Monday, June 11, 2018

HEREDITARY: THE GODS DESCENDING



Written and directed by Ari Aster, starring Toni Collette as Annie Graham, Gabe Byrne as Steve, and Alex Wolf as Peter.

SPOILER ALERT

Object if you may to a horrific story about ghosts, gods, and seances, but at least pay homage to a cast of performers who give their all to the tale. Indeed, Toni Collette ratchets up a wrenching intensity as the mother to a haunted and traumatized family that places her on a par with Essie’s Davis’s frenzied performance in a similar role in The Babadook. And that’s high praise indeed.

The recent death of the reclusive matriarch of the Graham family triggers events that accelerate from a standing start to an all-out Gothic sprint at the end. The deceased’s daughter, Annie, is greatly troubled during the funeral, and her memorial speech is likewise troubling. She doesn’t seem to have liked the old girl, very much. And soon we find out why.

I should have known that something seems very wrong with this story at the very beginning: A slow camera dolly moves in to a cutaway of a doll house interior and into one of the tiny rooms. The stiff tableau of miniature family members suddenly comes to life. Welcome to the Graham family—father, mother, son, and daughter. Are they literally living in a doll house? Of course not. Well... maybe not.

True enough, their lives are exposed, the fourth wall torn away. And what we find is a family in the grip of nothing less than a coven of Black Magic worshipers inhabiting nearby a little hut perched on stilts. We don’t know this, at first; we have to pick our way through a thicket of sudden deaths, decapitations, and empty graves before the payoff. And all the while, we watch with mounting horror the psychological deterioration of Annie Graham and her son, Peter (another extraordinary performance by Alex Wolf). We can take comfort, I suppose, by ascribing the nightmares and apparitions of the dead to deranged mental states. But that’s too easy. HEREDITARY won’t allow us this refuge. It relentlessly confronts us finally with the reality of a witch’s cult.

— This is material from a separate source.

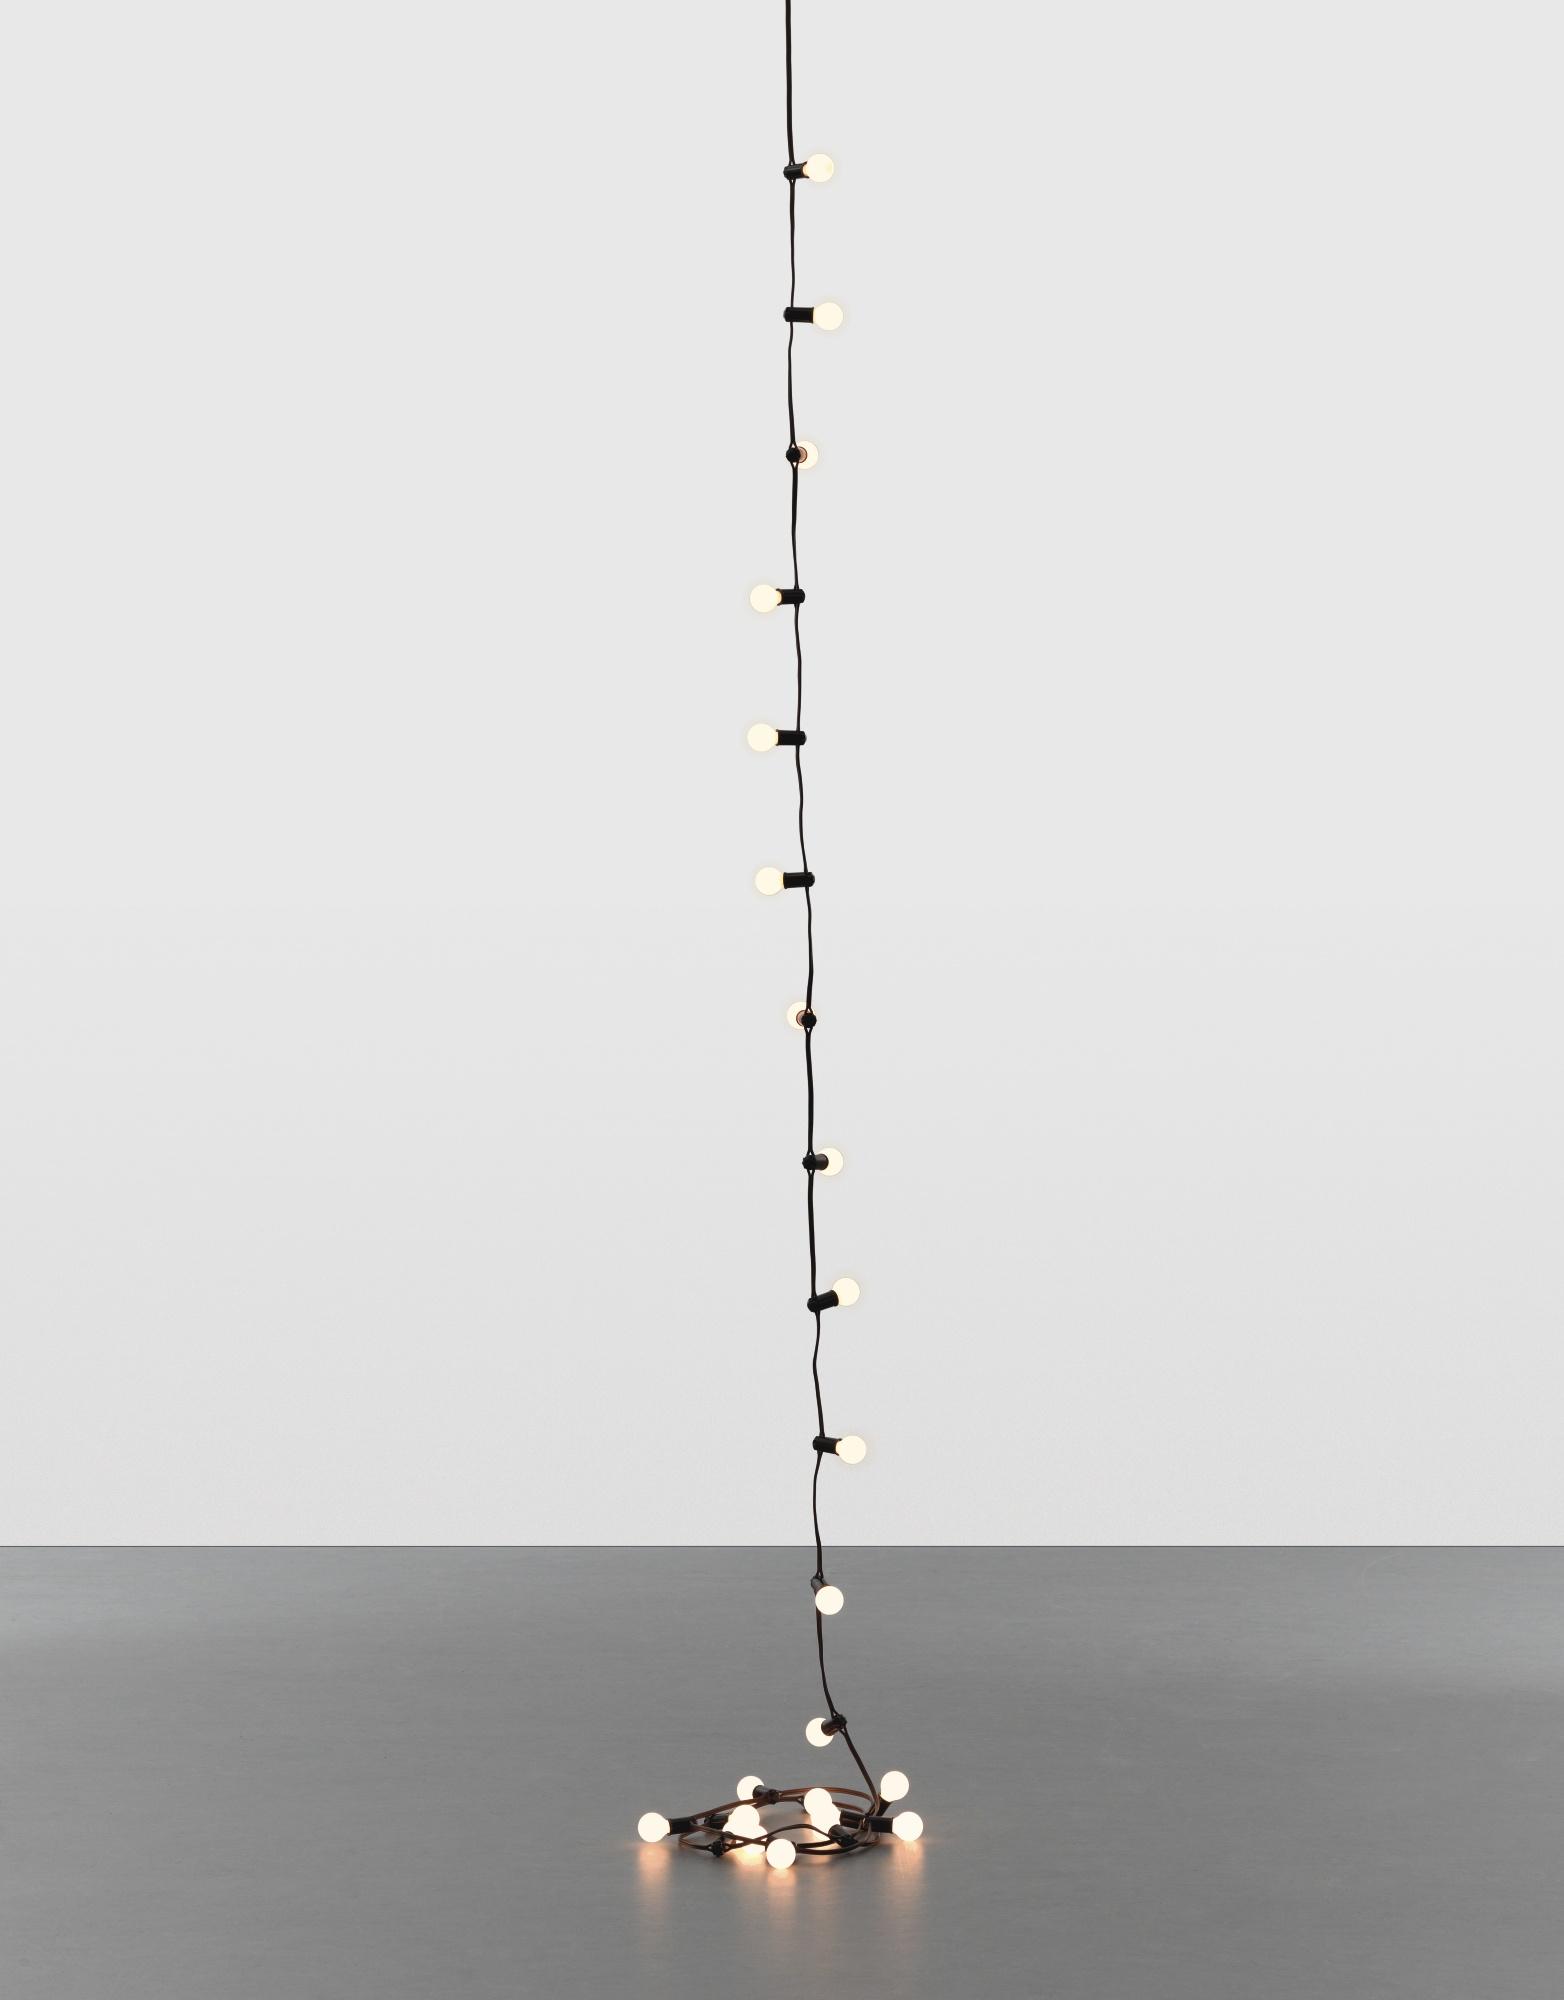 Felix Gonzalez-Torres-Untitled (Last Light)-1993

Relentless, yes, but a slow-burning fuse at that. If ever there were a sincere film about witchcraft, this is it—rivalled only, perhaps, by Carl Dreyer’s classic Day of Wrath. The subtlety of camera work, editing, and mise-en-scene is marvelously suggestive without sacrificing the blunter aspects of the witching. And the impassioned conviction of the entire ensemble doesn’t allow us for a moment to ridicule or reject the Gothic claptrap to which the movie is occasionally liable.

And if the oddly lyrical and worshipful climax, delivering a stiff tableau worthy of any haunted doll house, doesn’t send you busily hunting down references to the demon god, Paiman, then your own demons are not worth their salt.